> _WHAT NEEDS TO BE DONE_:
Type out the complete listing below word for word, without its pictures.

*** INFORMATION PROVIDED ***

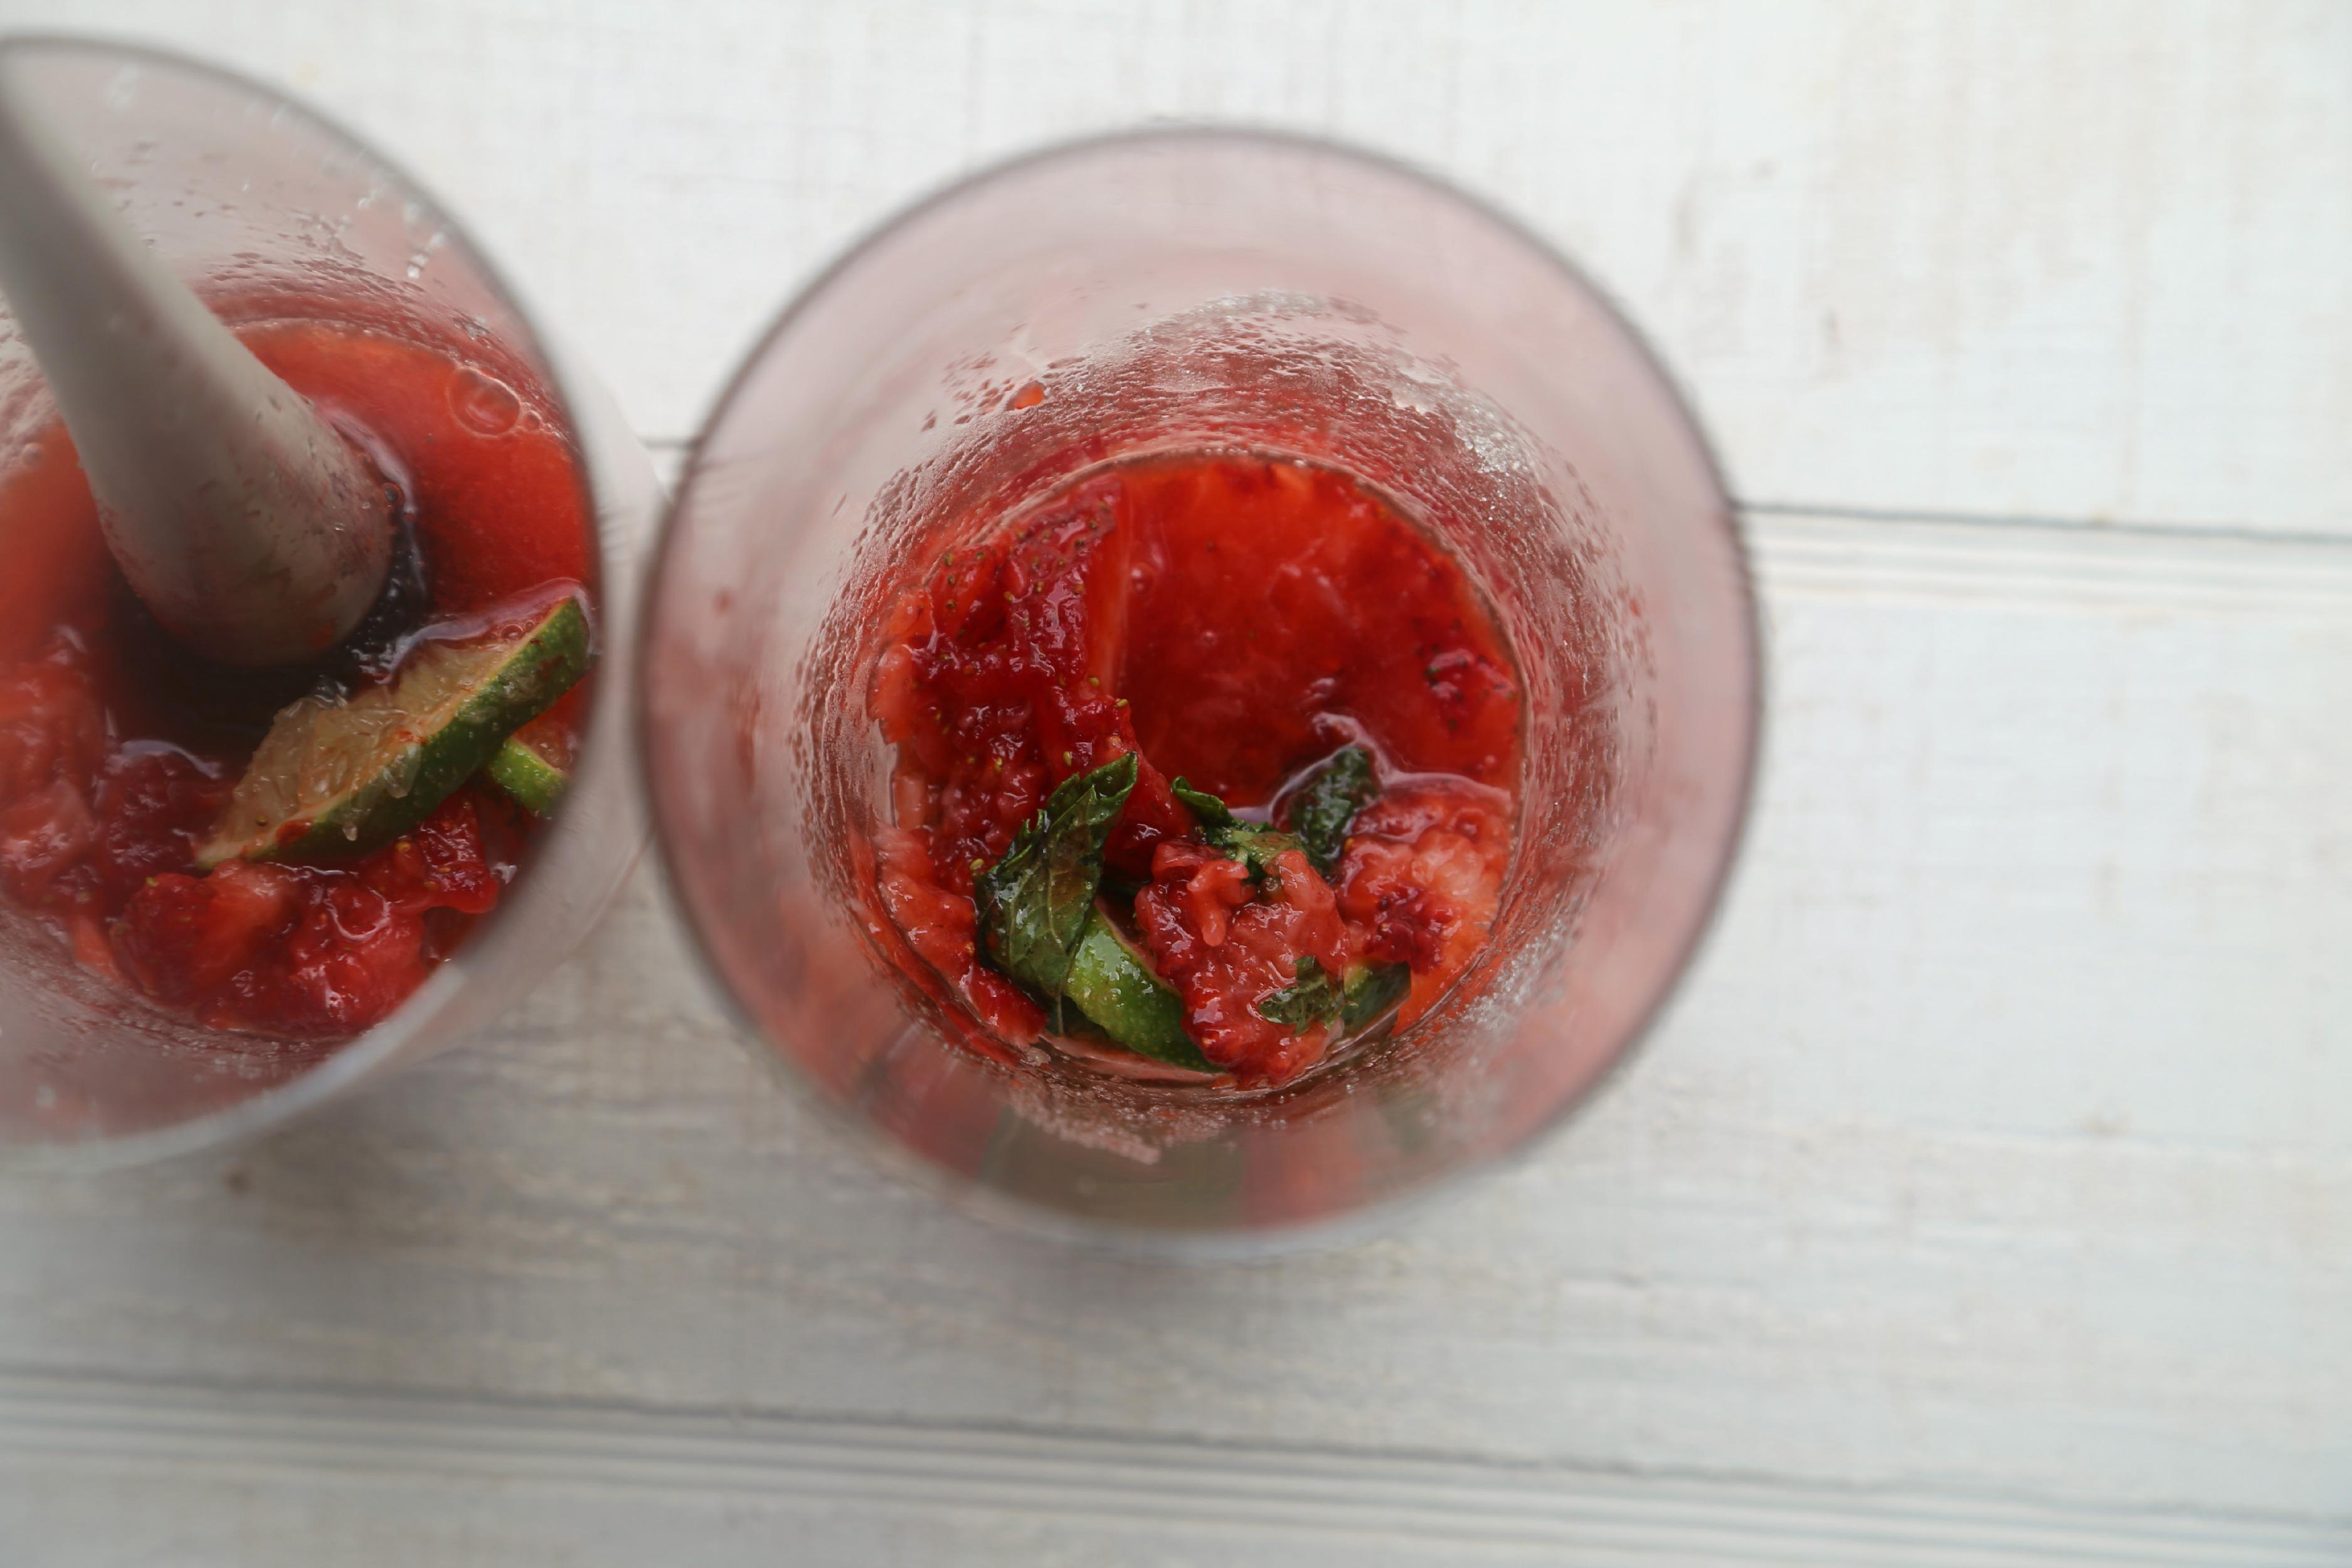 mudle-mojito-how-to-strawberry-mojito-vianneyrodriguez-sweetlifebake
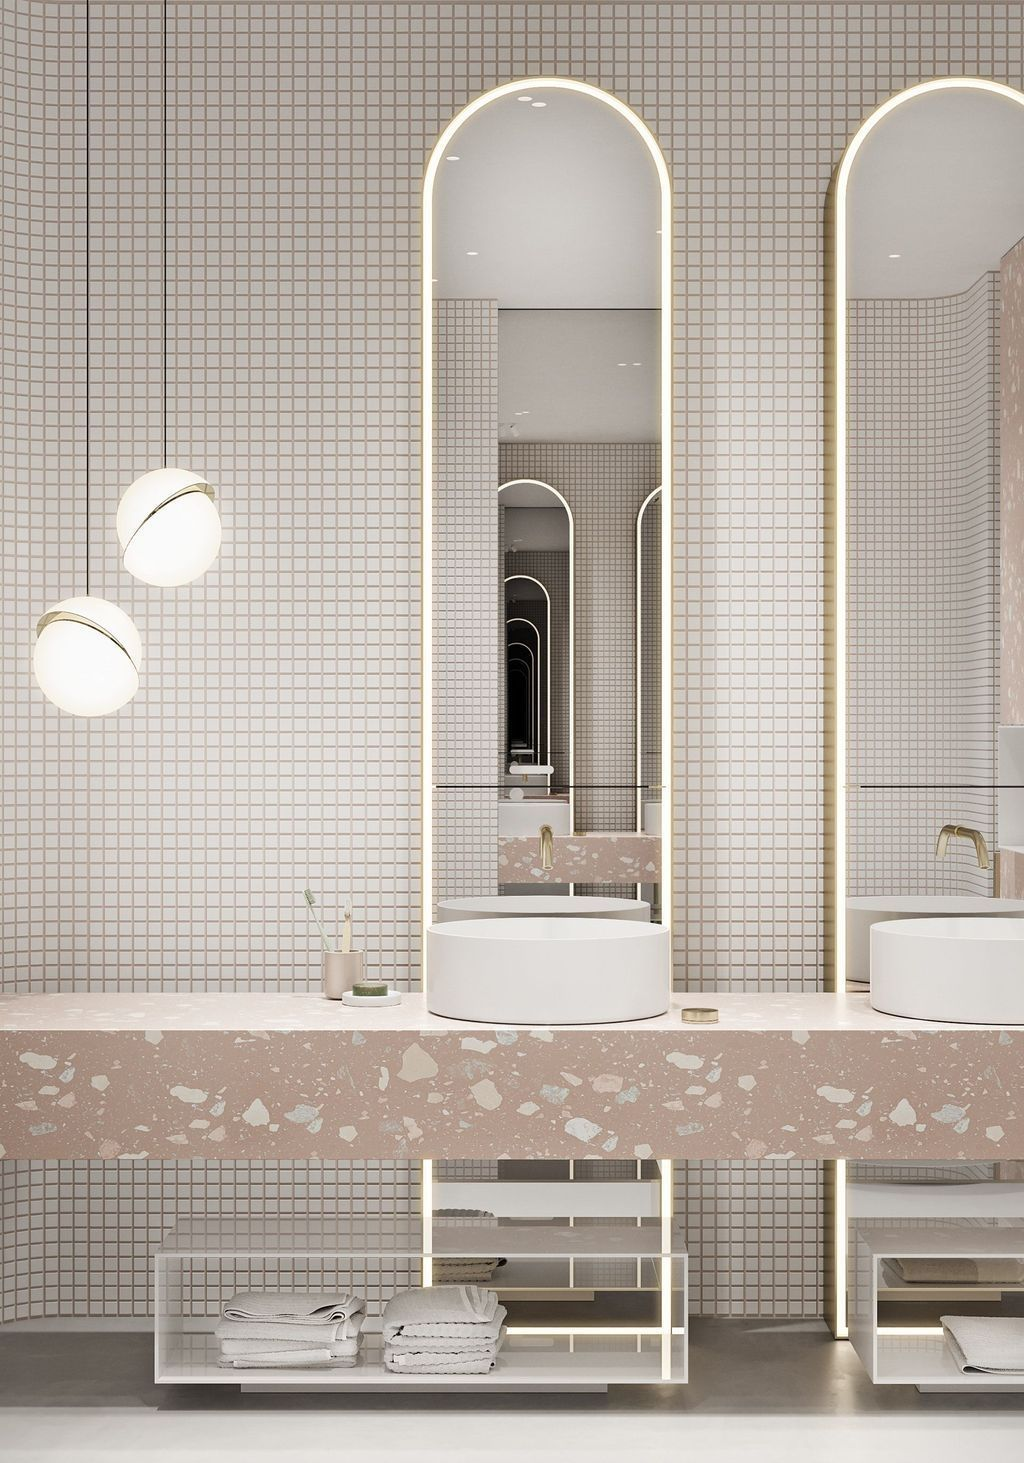 20 Surpirising Apartment Bathroom Renovation Design Ideas To Try Asap In 2020 Badezimmer Innenausstattung Wc Design Bad Inspiration
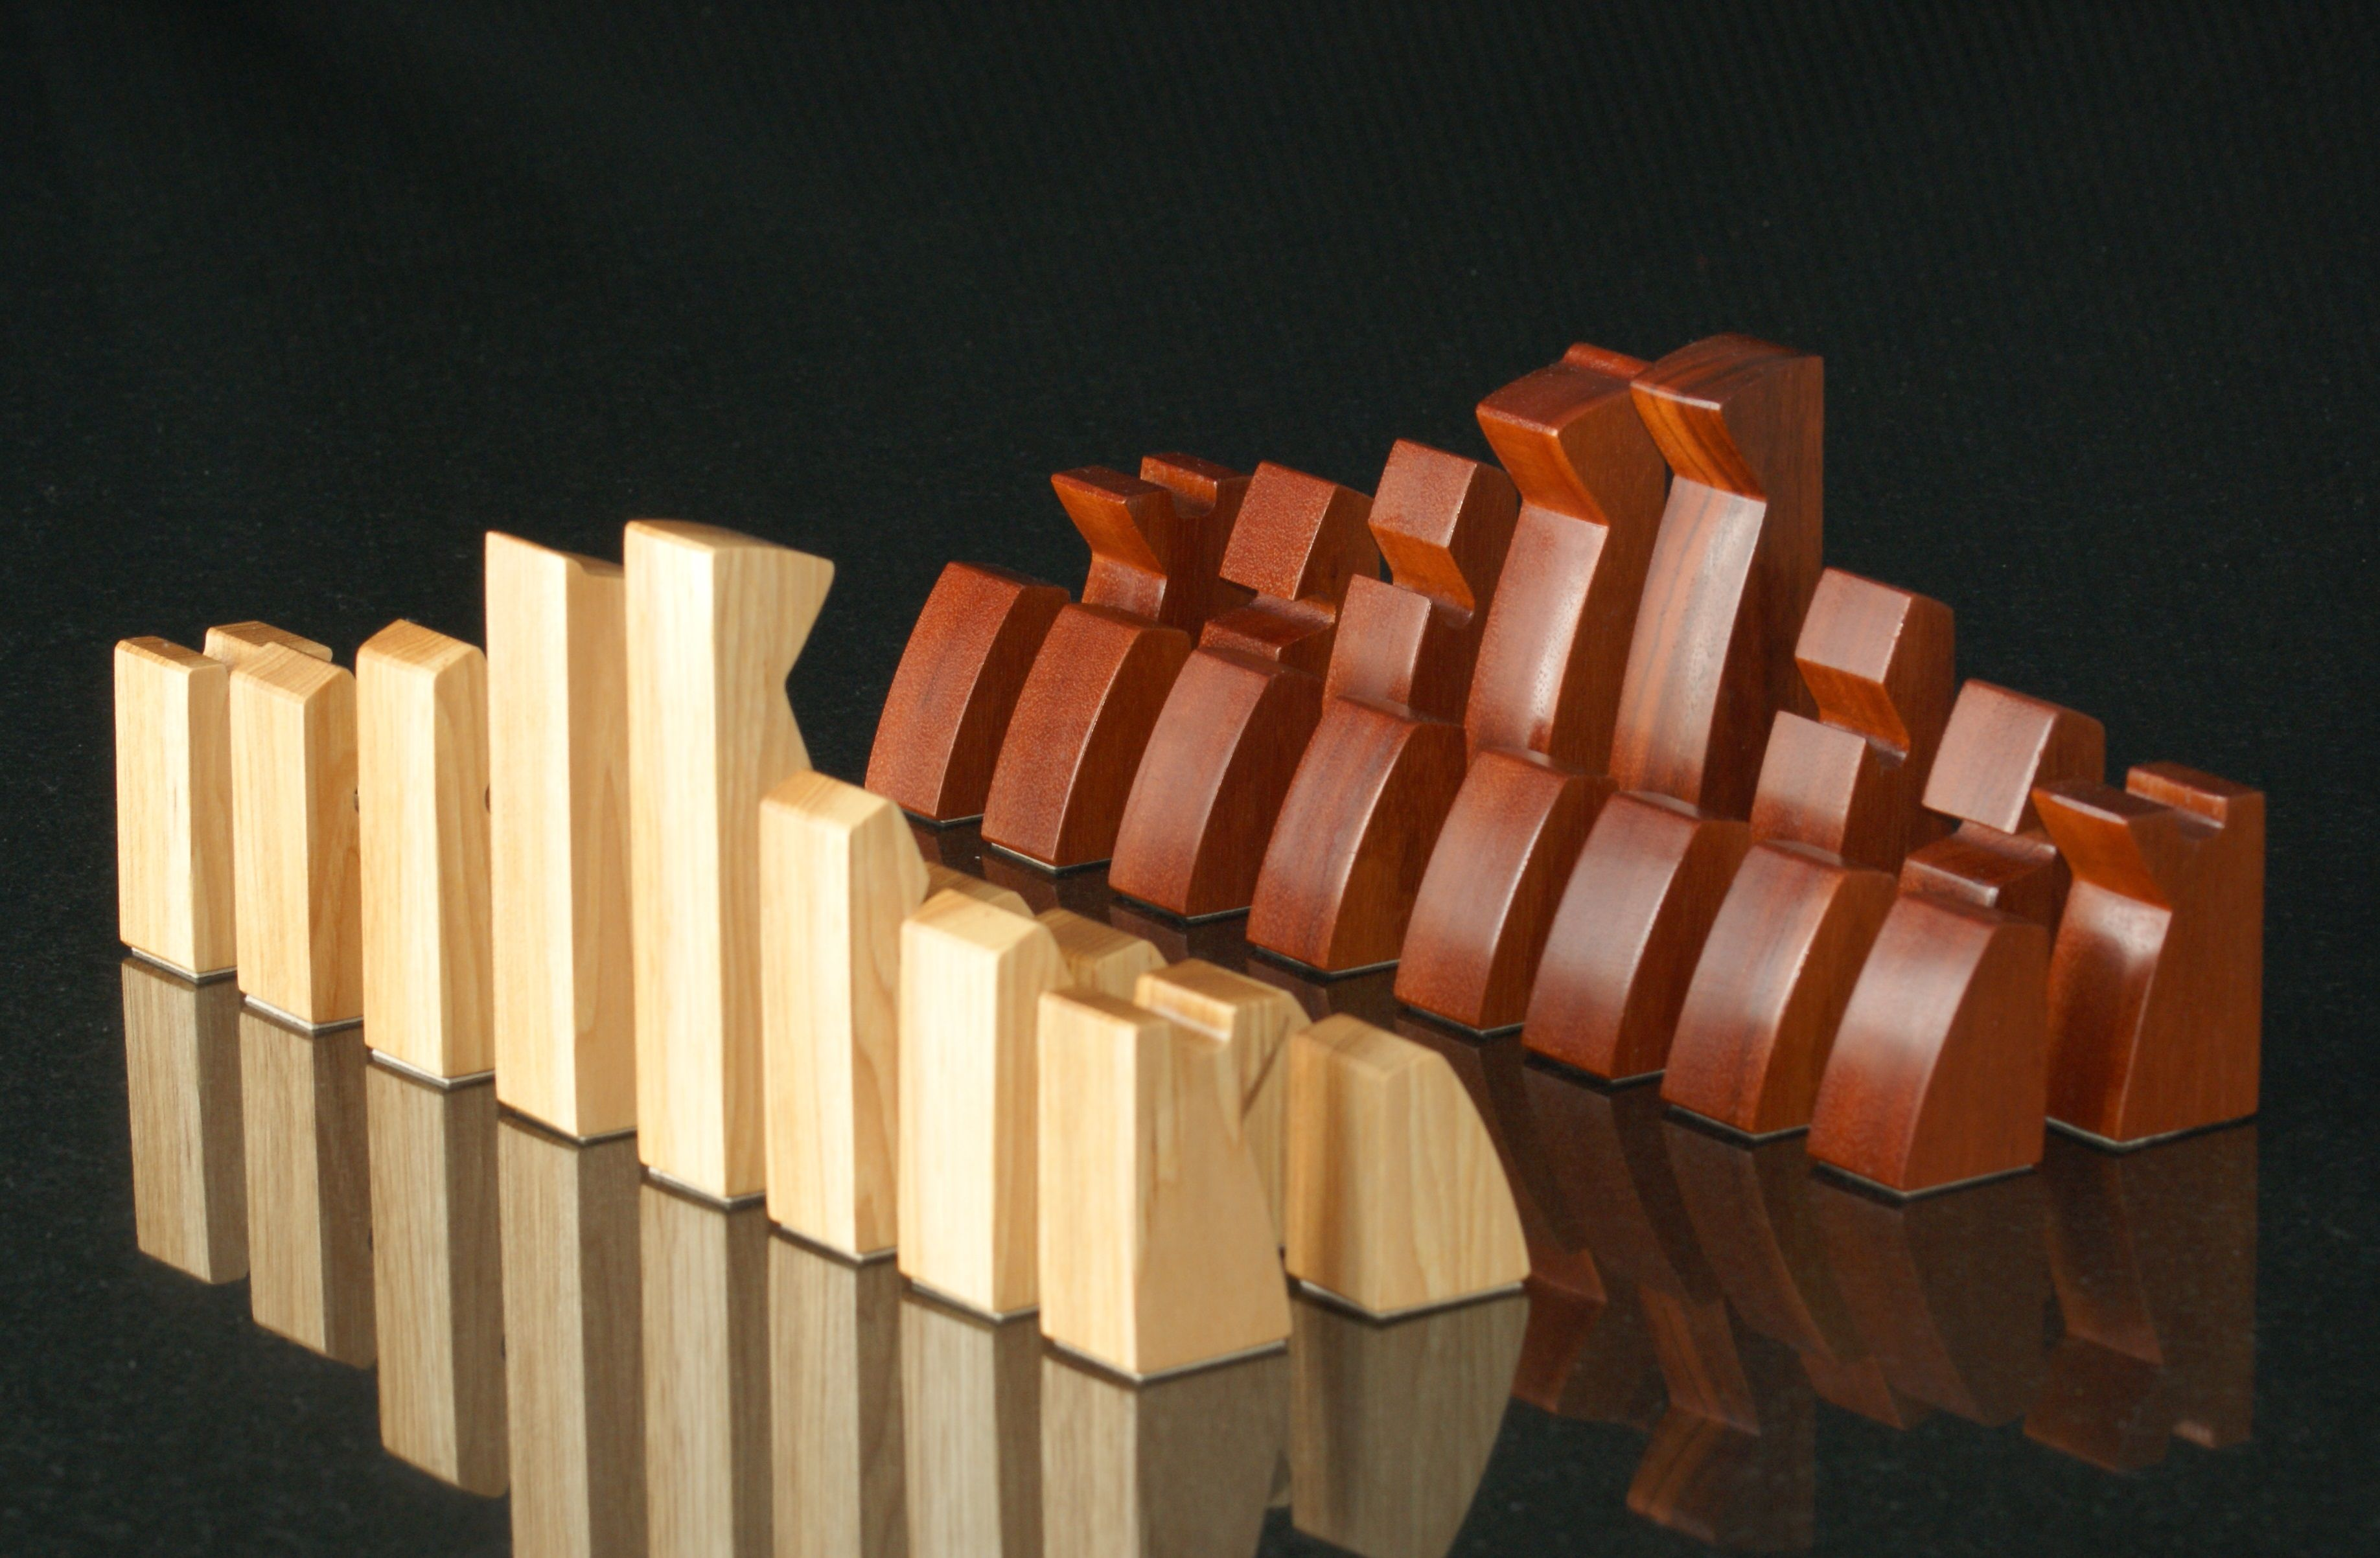 Modern Chess Set By A J Doiron Hickory Tigerwood Chess Board Modern Chess Set Wood Chess

*** End of INFORMATION PROVIDED ***

> _TASK ANSWER_:
 mudle-mojito-how-to-strawberry-mojito-vianneyrodriguez-sweetlifebake
 20 Surpirising Apartment Bathroom Renovation Design Ideas To Try Asap In 2020 Badezimmer Innenausstattung Wc Design Bad Inspiration
 Modern Chess Set By A J Doiron Hickory Tigerwood Chess Board Modern Chess Set Wood Chess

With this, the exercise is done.